AVAILABLE DATA:
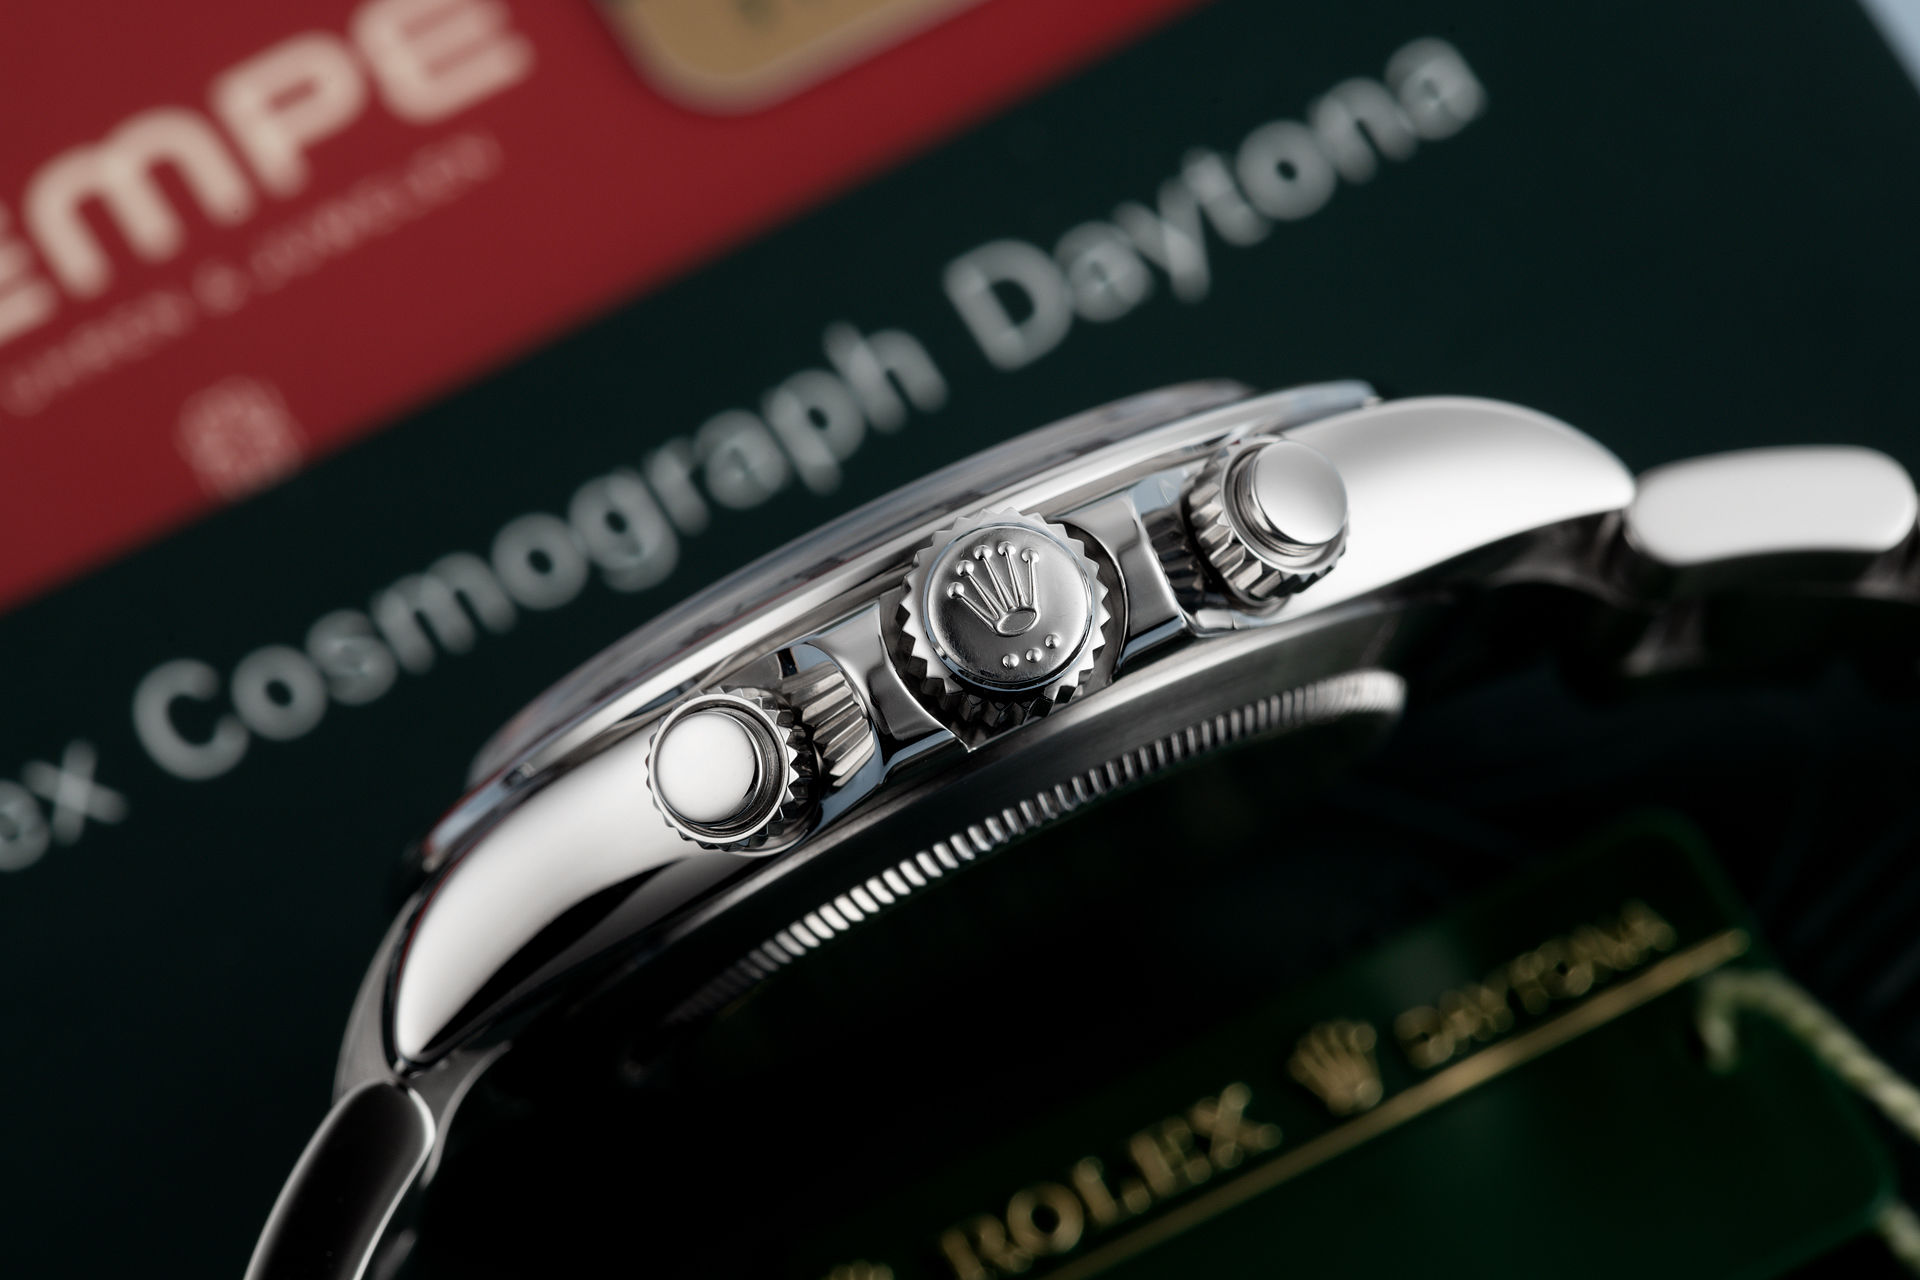 ref 116520 | Pre-Chromalight 'Full Set' | Rolex Cosmograph Daytona
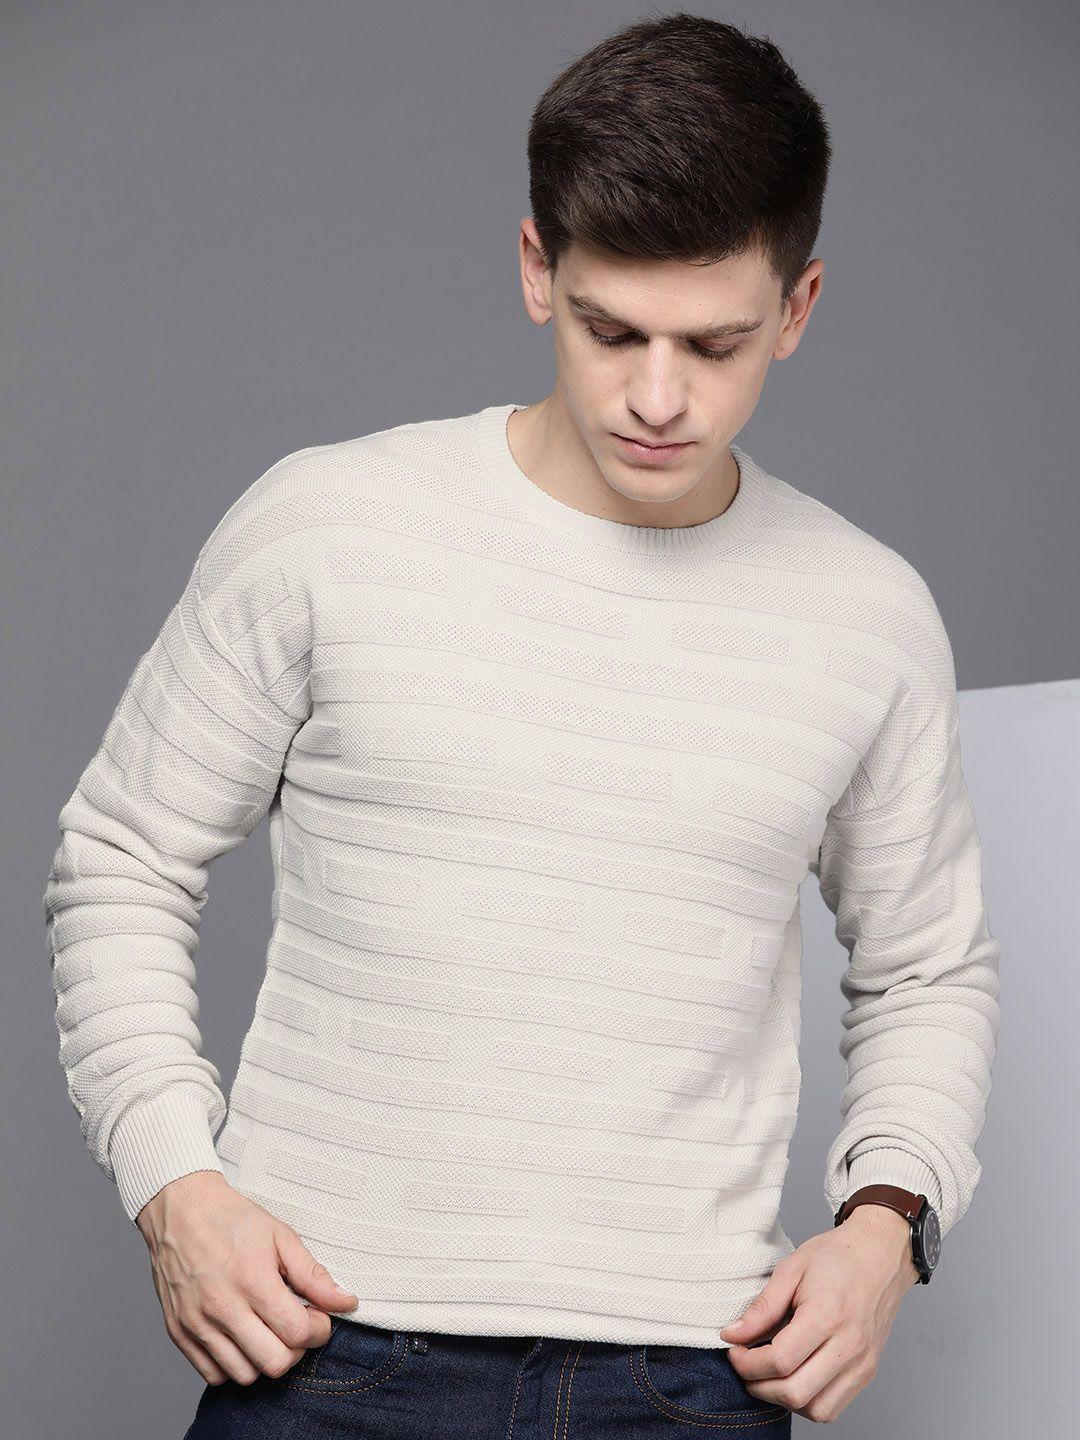 kenneth-cole-men-off-white-self-design-open-knit-pure-cotton-pullover-sweater
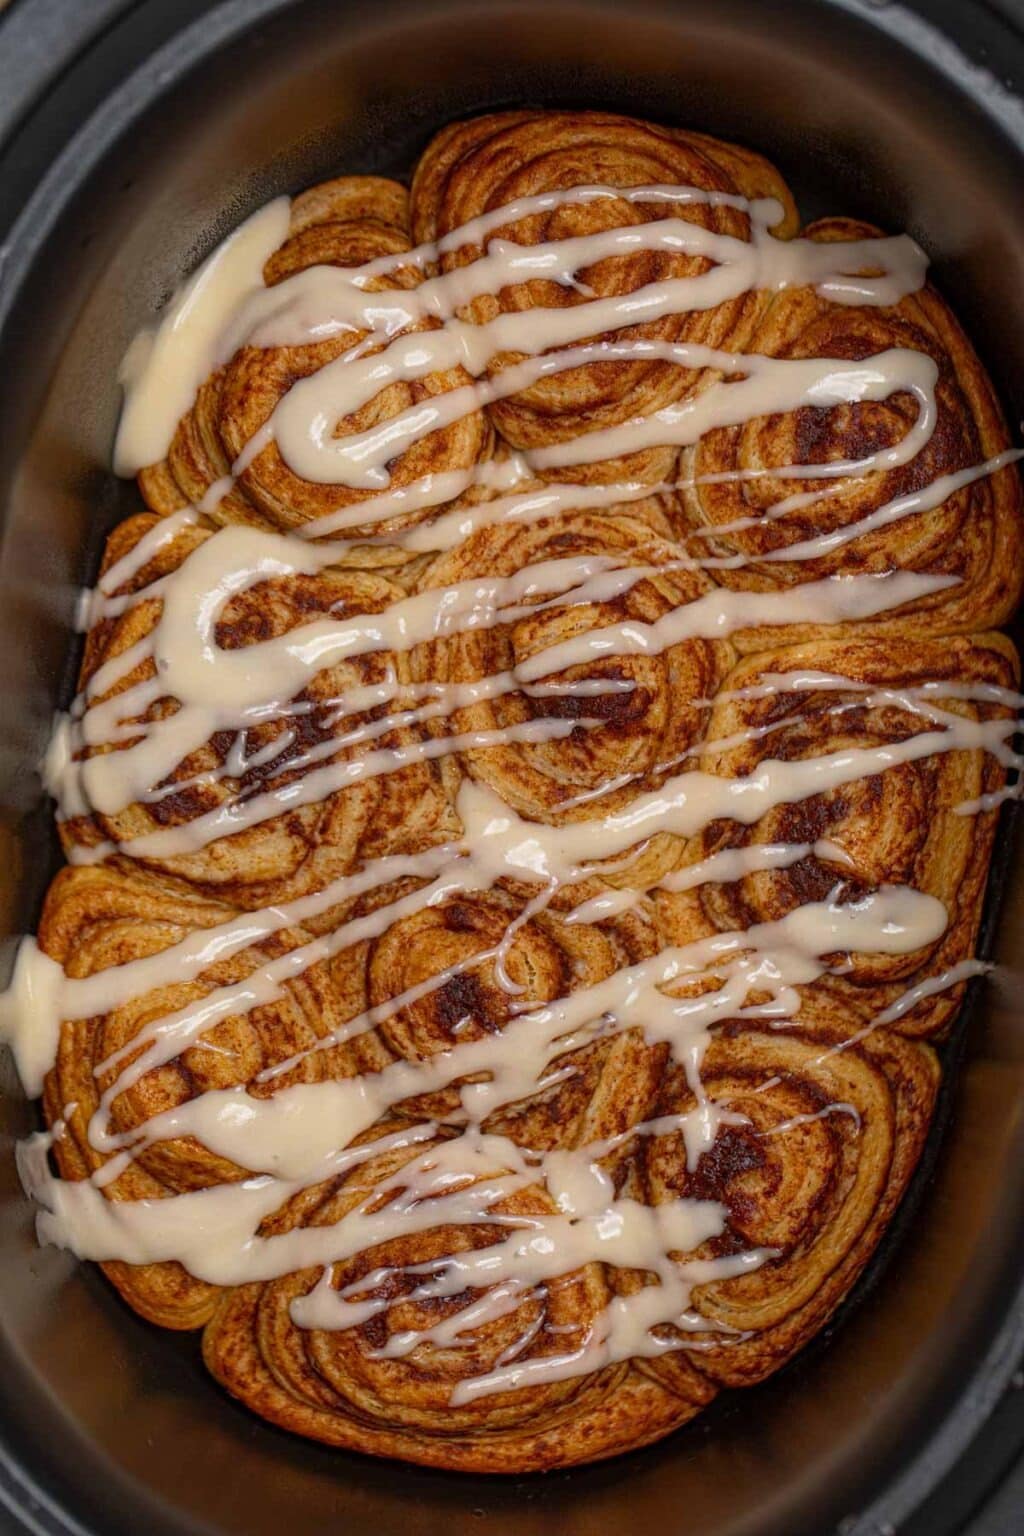 Cinnamon rolls in a crockpot drizzled with white sugar glaze.
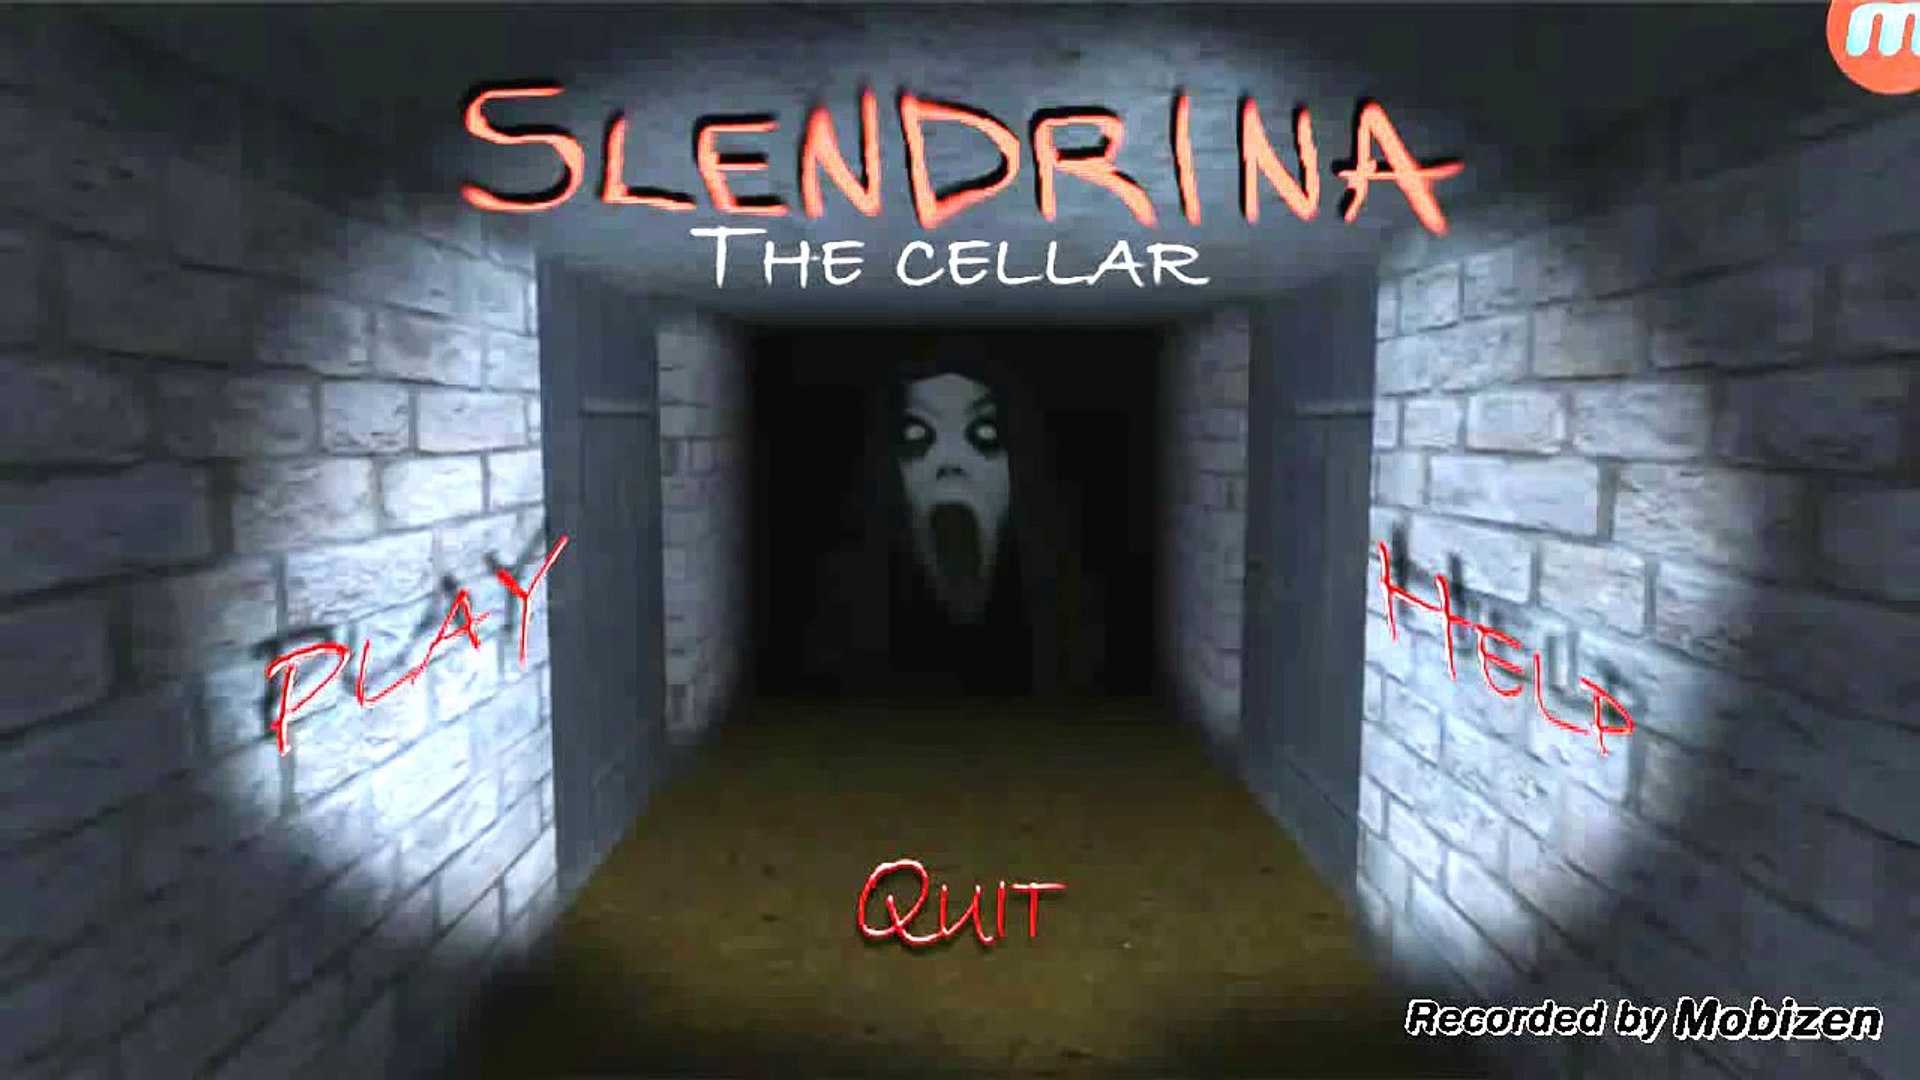 Slendrina: The Cellar 2

REQUIRED WORK: In your answer, set down the full listing word for word and include no pictures.

EXERCISE OUTPUT:
 ref 116520 | Pre-Chromalight 'Full Set' | Rolex Cosmograph Daytona
 kenneth-cole-men-off-white-self-design-open-knit-pure-cotton-pullover-sweater
 Cinnamon rolls in a crockpot drizzled with white sugar glaze.
 Slendrina: The Cellar 2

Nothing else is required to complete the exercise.